Key Laboratory of Deep Coal Resource Mining, School of Mines, Ministry of Education of China, China University of Mining and Technology, Xuzhou 221116, China.
State Key Laboratory of Coal Resources and Mine Safety, China University of Mining and Technology, Xuzhou 221116, China.
Int J Environ Res Public Health. 2018 Nov 14;15(11):2555. doi: 10.3390/ijerph15112555.
Most of the research on mental fatigue evaluation has mainly concentrated on some indexes that require sophisticated and large instruments that make the detection of mental fatigue cumbersome, time-consuming, and difficult to apply on a large scale. A quick and sensitive mental fatigue detection index is necessary so that mentally fatigued workers can be alerted in time and take corresponding countermeasures. However, to date, no studies have compared the sensitivity of common objective evaluation indexes. To solve these problems, this study recruited 56 human subjects. These subjects were evaluated using six fatigue indexes: the Stanford sleepiness scale, digital span, digital decoding, short-term memory, critical flicker fusion frequency (CFF), and speed perception deviation. The results of the fatigue tests before and after mental fatigue were compared, and a one-way analysis of variance (ANOVA) was performed on the speed perception deviation. The results indicated the significance of this index. Considering individual differences, the relative fatigue index (RFI) was proposed to compare the sensitivity of the indexes. The results showed that when the self-rated fatigue grade changed from non-fatigue to mild fatigue, the ranges of RFI values for digital span, digital decoding, short-term memory, and CFF were 0.175⁻0.258, 0.194⁻0.316, 0.068⁻0.139, and 0.055⁻0.075, respectively. Correspondingly, when the self-rated fatigue grade changed to severe fatigue, the ranges of RFI values for the above indexes were 0.415⁻0.577, 0.482⁻0.669, 0.329⁻0.396, and 0.114⁻0.218, respectively. These results suggest that the sensitivity of the digital decoding, digital span, short-term memory, and CFF decreased sequentially when the self-evaluated fatigue grade changed from no fatigue to mild or severe fatigue. The RFI individuality of the speed perception deviation is highly variable and is not suitable as an evaluation index. In mental fatigue testing, digital decoding testing can provide faster, more convenient, and more accurate results.

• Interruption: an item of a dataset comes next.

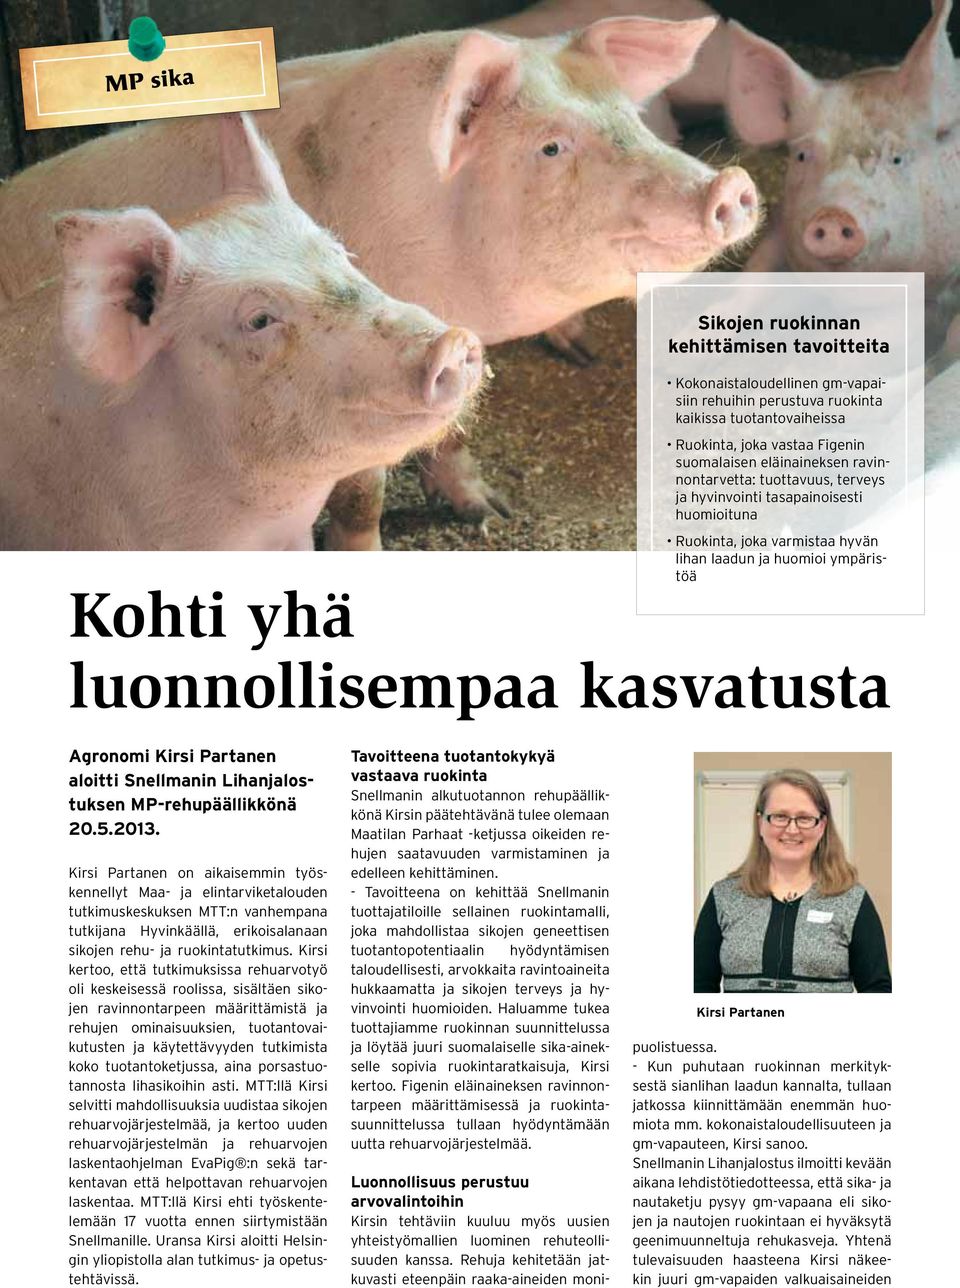 Agronomi Kirsi Partanen aloitti Snellmanin Lihanjalostuksen MP-rehupäällikkönä 20.5.2013.
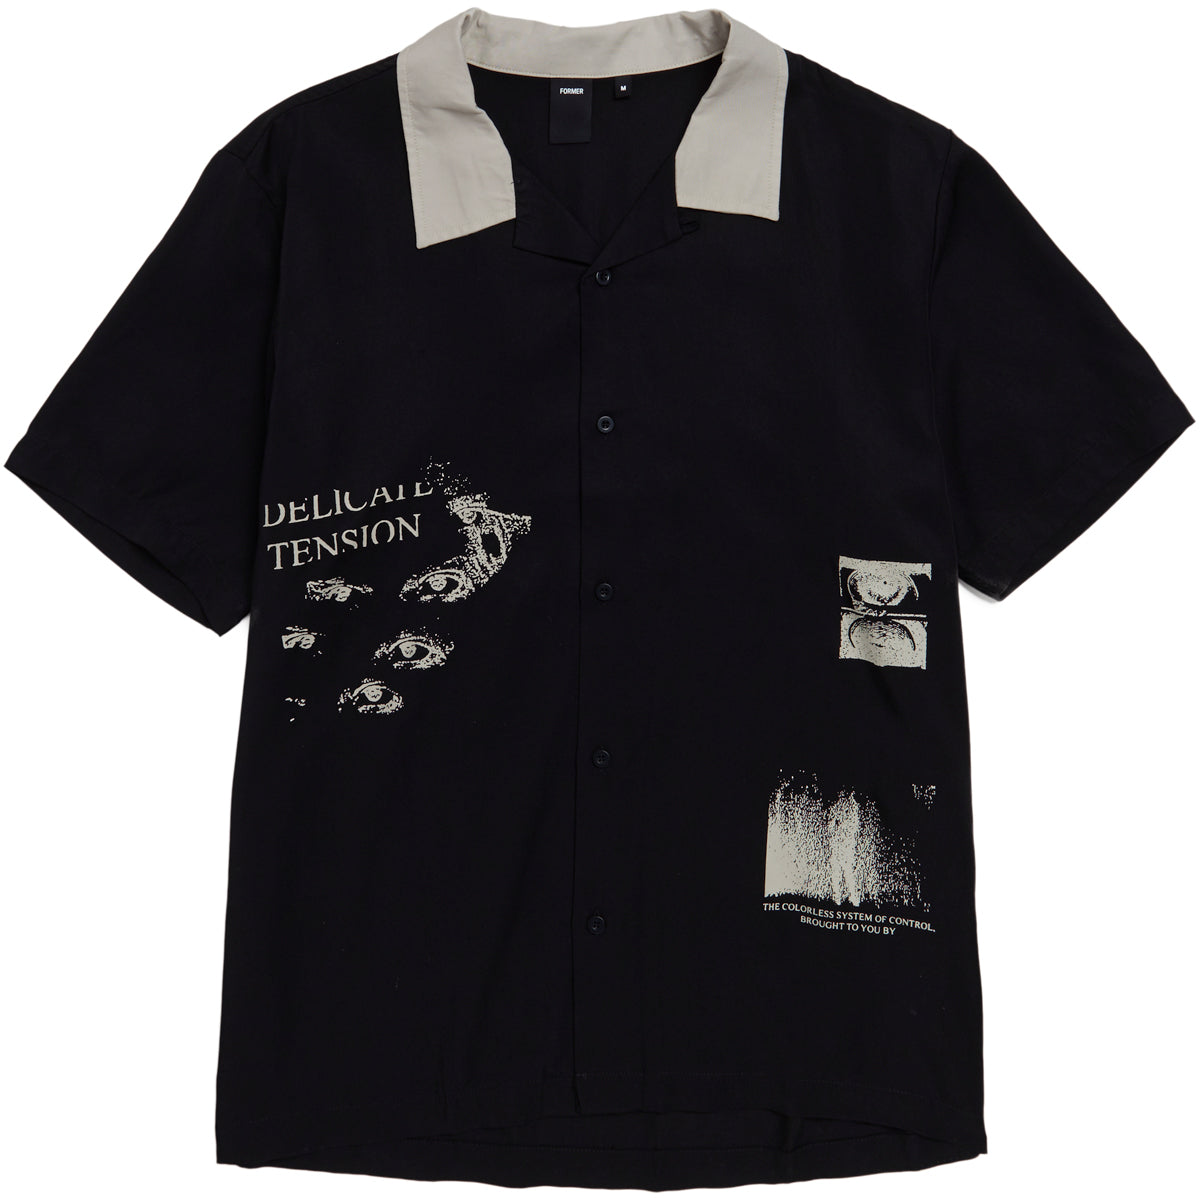 Former Delicate Border Shirt - Black image 1

大多数关于精神疲劳评估的研究主要集中在一些需要复杂和大型仪器的指标上,这使得精神疲劳的检测变得繁琐、耗时且难以大规模应用。因此,有必要找到一个快速而敏感的精神疲劳检测指标,以便及时提醒精神疲劳的工人并采取相应的对策。然而,迄今为止,尚无研究比较常用客观评估指标的敏感性。为了解决这些问题,本研究招募了 56 名受试者。这些受试者使用六个疲劳指标进行评估:斯坦福嗜睡量表、数字跨度、数字解码、短期记忆、临界闪烁融合频率(CFF)和速度感知偏差。比较了精神疲劳前后的疲劳测试结果,并对速度感知偏差进行了单向方差分析(ANOVA)。结果表明该指标具有显著意义。考虑到个体差异,提出了相对疲劳指数(RFI)来比较各指标的敏感性。结果表明,当自我评估的疲劳等级从非疲劳变为轻度疲劳时,数字跨度、数字解码、短期记忆和 CFF 的 RFI 值范围分别为 0.175-0.258、0.194-0.316、0.068-0.139 和 0.055-0.075。相应地,当自我评估的疲劳等级变为严重疲劳时,上述指标的 RFI 值范围分别为 0.415-0.577、0.482-0.669、0.329-0.396 和 0.114-0.218。这些结果表明,当自我评估的疲劳等级从无疲劳变为轻度或重度疲劳时,数字解码、数字跨度、短期记忆和 CFF 的敏感性依次降低。速度感知偏差的 RFI 个体差异很大,不适合作为评估指标。在精神疲劳测试中,数字解码测试可以提供更快、更方便和更准确的结果。